Although Lurk Alpha involves some unavoidable overhead, it’s also far from optimized. One motivation in posting these timings is in the spirit of optimization, to encourage the Argument team to eventually eliminate incidental inefficiency from our evaluation. In addition to simple optimization efforts, it’s important to note that once Nova supports SuperNova, Lurk will be able to support ‘real’ VDF proofs. Likewise, nothing will stop a Lurk application from making use of a hardware VDF if needed.

The important point is that Lurk is deeply compatible with these cryptographic primitives. It can be used to explore, reason about, and script interesting algorithms quickly, and to interact with the results. As an example, although timelock encryption is a known application of a MinRoot-like VDF, we didn’t give this application much thought while working through the development of the evaluator ASIC. When I mentioned the example given above to Kelly at Supranational, he noted that the current ASIC prototype didn’t provide on-chip support for the fast direction. That means that using the technology available in the world today, a timelock encryption application like above would need to use CPU for the ‘fast encryption’ phase.
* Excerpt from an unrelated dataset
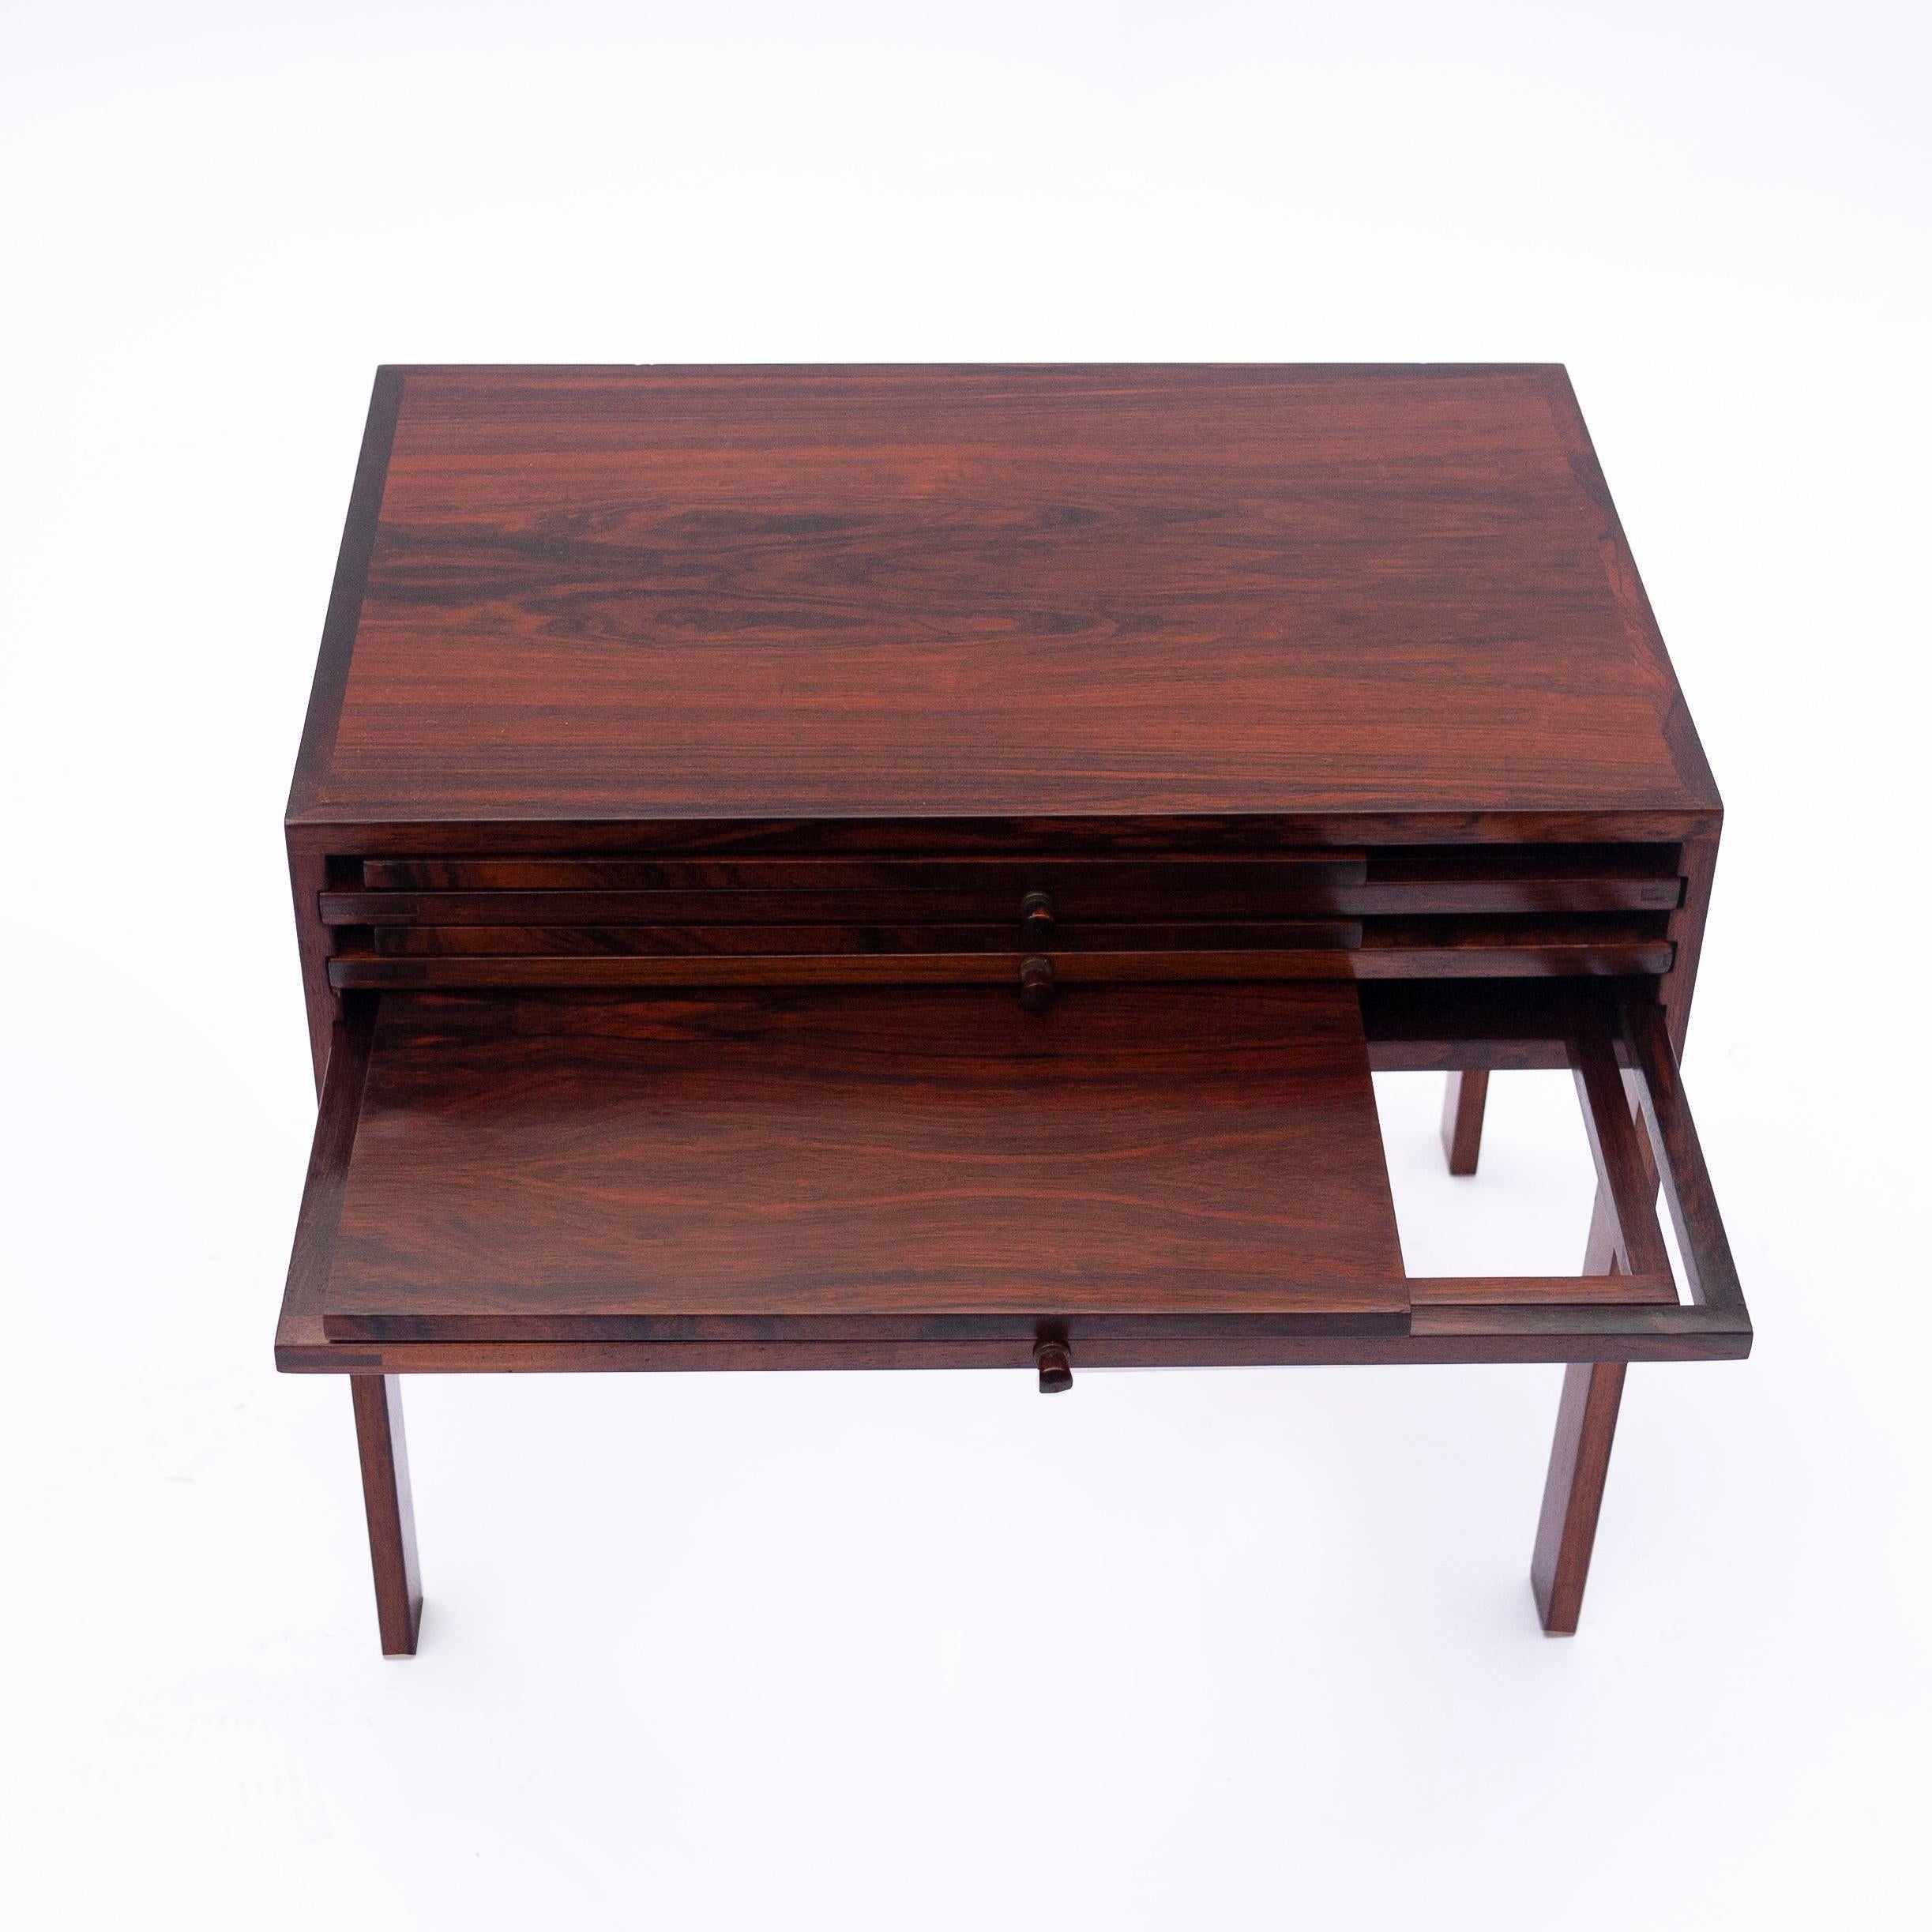 Scandinavian Nesting Tables and Side Table in Rosewood by Illum Wikkelsø, 1960s For Sale 6

This would reduce what should be an 85x speedup (on ASIC) to ~8.5x on CPU. However, as a direct consequence of applied playfulness and the power of the lightweight, interactive experimentation Lurk facilitates, we noticed this then. The final evaluator ASIC could have included support for the fast direction too, and somewhat powerful (85x asymmetry) timelock encryption would be made possible.